Para Meneguetti, a grande disponibilidade de medicamentos no mercado e a facilidade de acesso a eles pela população —que cada vez mais se automedica— tem grande parcela de culpa na criação destas linhagens resistentes.
Além disso, a cura de doenças teria se transferido excessivamente aos remédios. "Antigamente, minha mãe me dava um chazinho e me mandava brincar", diz.
A cura, nesse caso, ficava por conta do sistema imunológico, que era capaz de dar conta dos invasores de então, mais "fraquinhos" que os de hoje.
A melhor arma hoje para controlar o avanço das doenças é a informação. Um dos maiores símbolos disso, além da revista dos CDC (leia texto na página anterior), é a rede criada pela Organização Mundial da Saúde, que visa uma integração de pesquisadores em novas doenças no mundo.

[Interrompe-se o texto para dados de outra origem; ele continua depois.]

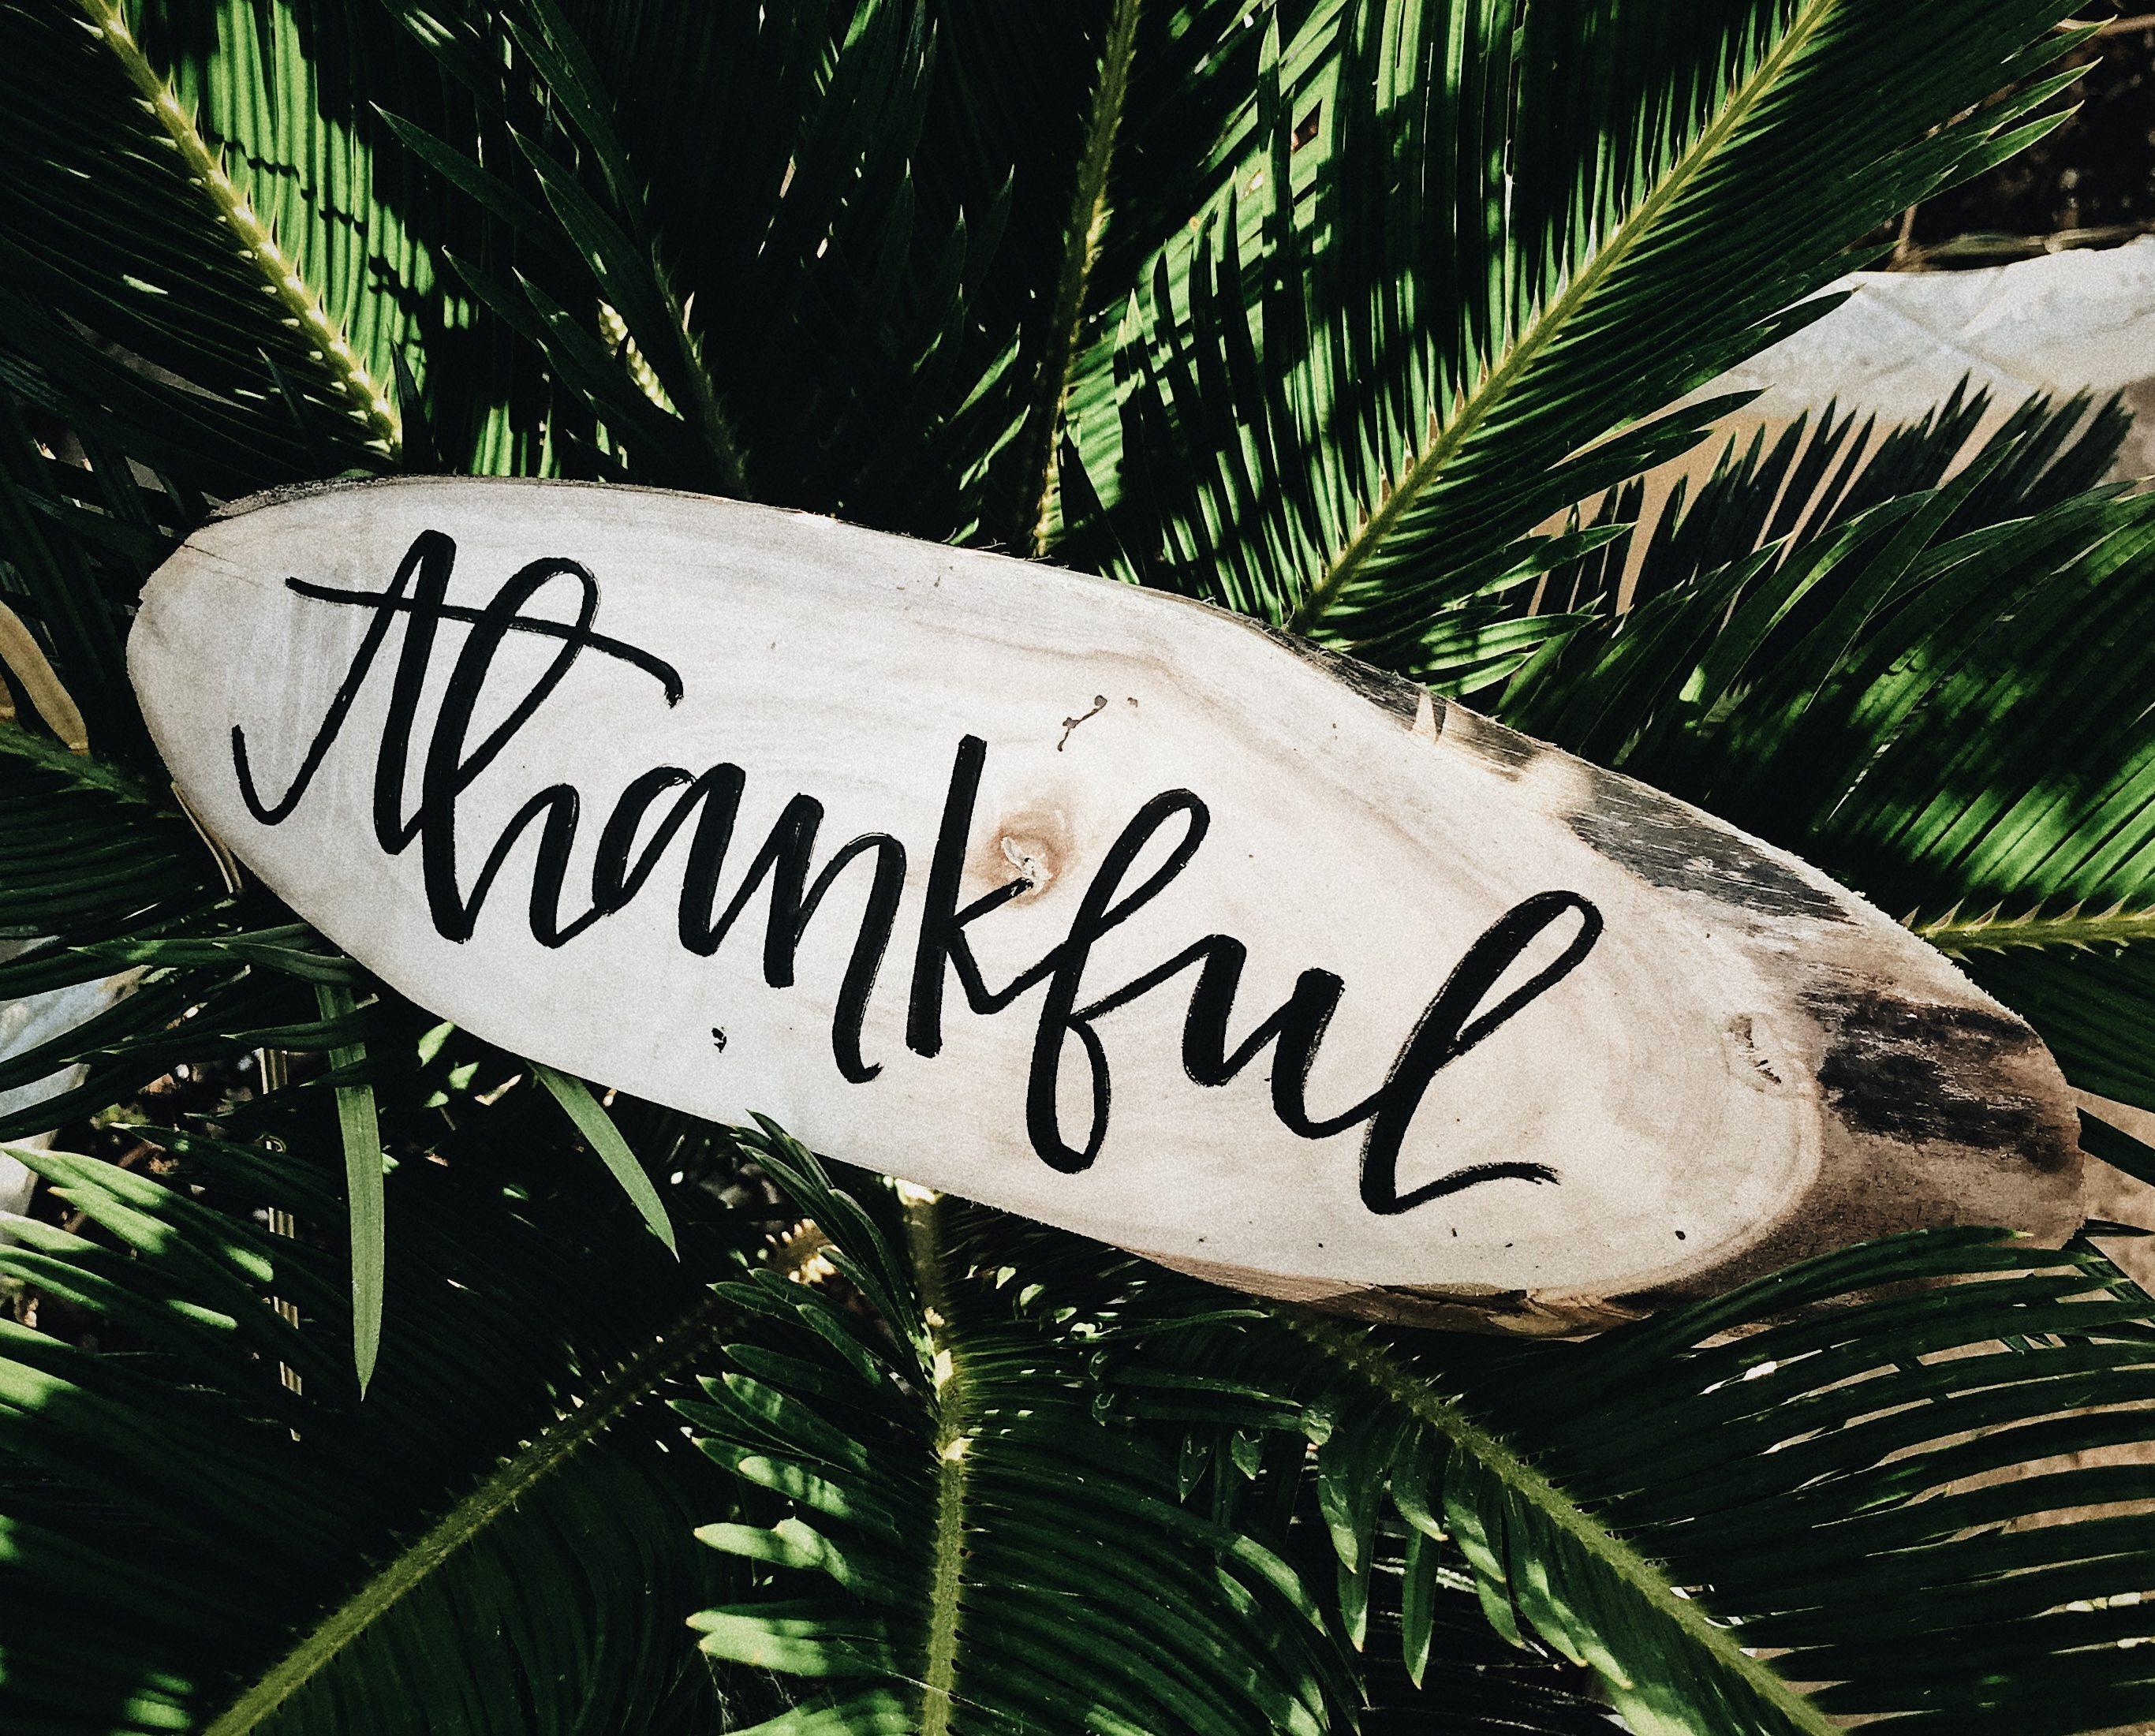 Stop alsjeblieft met dat dankbaarheidsgedoe

Com essa troca de informações, espera-se produzir mais rapidamente novas drogas e tratamento, pois os microorganismos estão ganhando essa "corrida" com sua velocidade de adaptação.
A era da "tranquilidade do antibiótico" parece ter acabado. Se a humanidade não tomar suas precauções, terá sempre algum peso na consciência quando saborear uma refeição, fazer amor ou até mesmo passear por um bosque.